After finally quitting racing in 2012, Krabbe kept riding with the Windjammers – and kept crashing (five times last year). “He’s a man of steel,” Santen says, in a tone of sober awe. At Krabbe’s “retirement” dinner, a Windjammers member (a musician) penned a Dylan knockoff, “Jamming in the Wind,” as a tribute (sample lyric, in honour of his erratic way-finding: “How many roads did he try in the North, before he knew his way around?”)
In Amsterdam, everyone seemed to have heard of Tim Krabbe – for different reasons. The manager at the Rapha store tells me she used to ride with the Windjammers. “Oh, yes, Tim!” When I told a professor at a local polytechnic I was meeting Krabbe, he said: “The chess player?”
A friend I had dinner with smiled in recognition and said “Het Gouden Ei!” (or, The Golden Egg, the original title of The Vanishing). Someone else pointed out that Krabbe had written the Boekenweekgeschenk – the “book gift” that is given away with every bookstore purchase during an annual literary festival in the Netherlands.
One night, at De Kring, a members-only literary club to which I had wrangled an invitation (Krabbe himself is a member), an older man in a tweed suit, after he had asked why I was in town, said “ah, De Renner” – as The Rider is known in the Netherlands.

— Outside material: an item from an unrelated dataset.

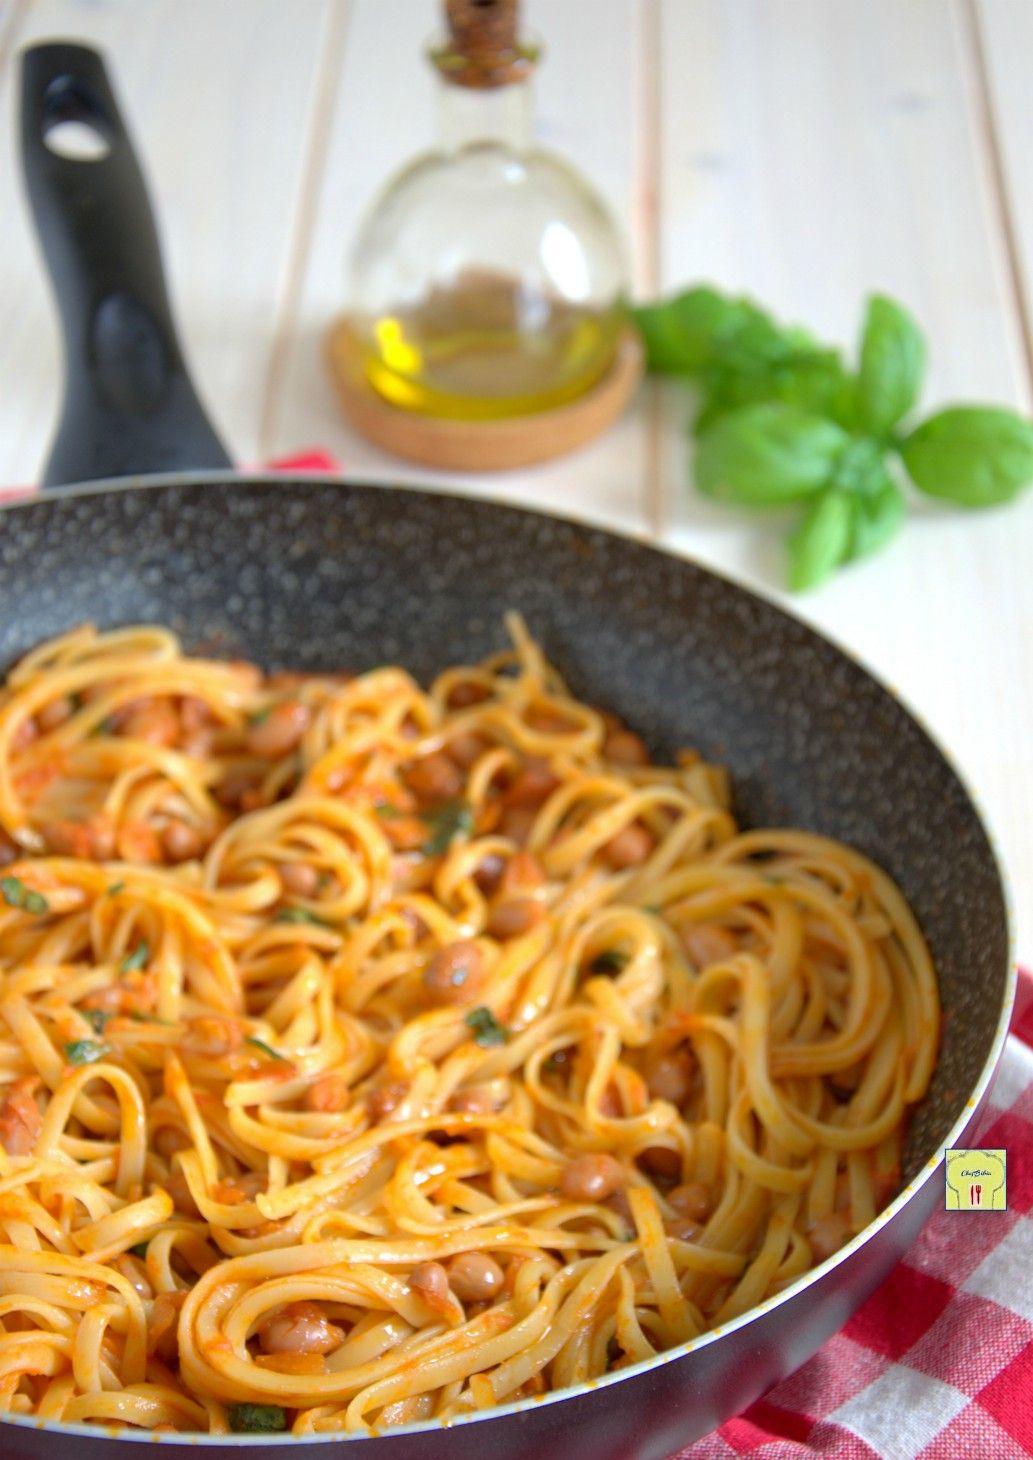 4202e45c801cc1f61363c03753facbf7 - Ricette Pastasciutta
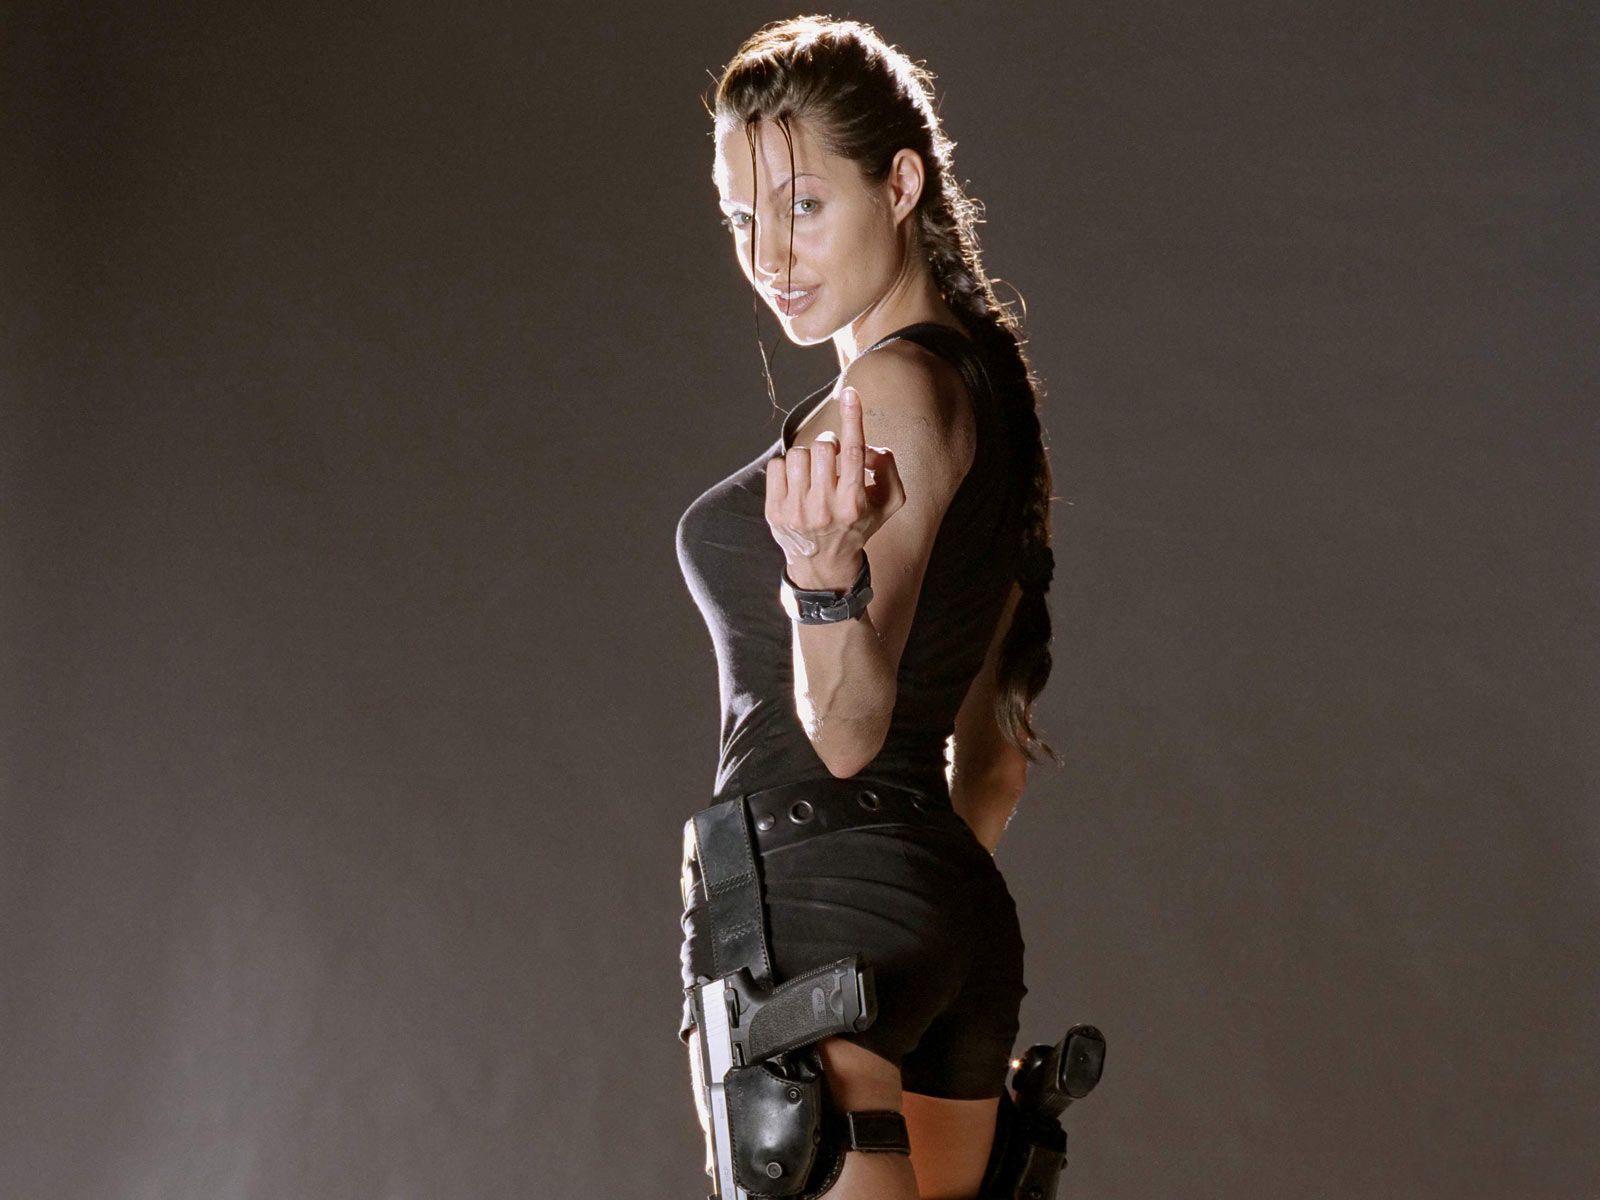 Bons Rapazes Angelina Jolie 40 anos 6

After the ride, Krabbe – this man of many guises – and I return to his apartment, on a high floor of a large, modern black high-rise on KNSM Island, in the city’s far eastern reaches, one of a series of infill projects constructed on islands originally built to deflect waves. His living room is dominated by a sweeping view of the IJ River and the flat waterlands beyond.
“This is the widest part of the water,” he says, gesturing below. “Where cruise ships turn around. It takes them three-quarters of an hour.” When he was married (“luckily,” he notes, “my ex-wife is one of my most important friends”), he lived in a narrow canal house on the Leidsegracht, in the city’s centre. “It was very nice, but in some ways it was like a cage – on the brightest summer day, you needed artificial light.”
I get the sense that he likes being in this watery aerie, far from the town centre (but close to the best cycling), where he can work on his next book (“800 pages,” he jokes), play internet chess, and slip out for Windjammers rides. On the wall is a painting of a boy, which Krabbe tells me is of his son, Esra, painted by Tim’s father.
When he was in his teens, Esra (until then a “completely non-academic guy,” Krabbe says), developed an obsession with Japanese games and martial arts. It was no passing fancy: He began to learn the language and then moved to Tokyo to attend high school. He still lives in Japan, speaks Japanese better than Dutch, and, carrying his father’s athletic genes, has done competitive karate and kickboxing. Last August, Esra and his wife had twins, adding another facet to Krabbe’s profile: grandfather.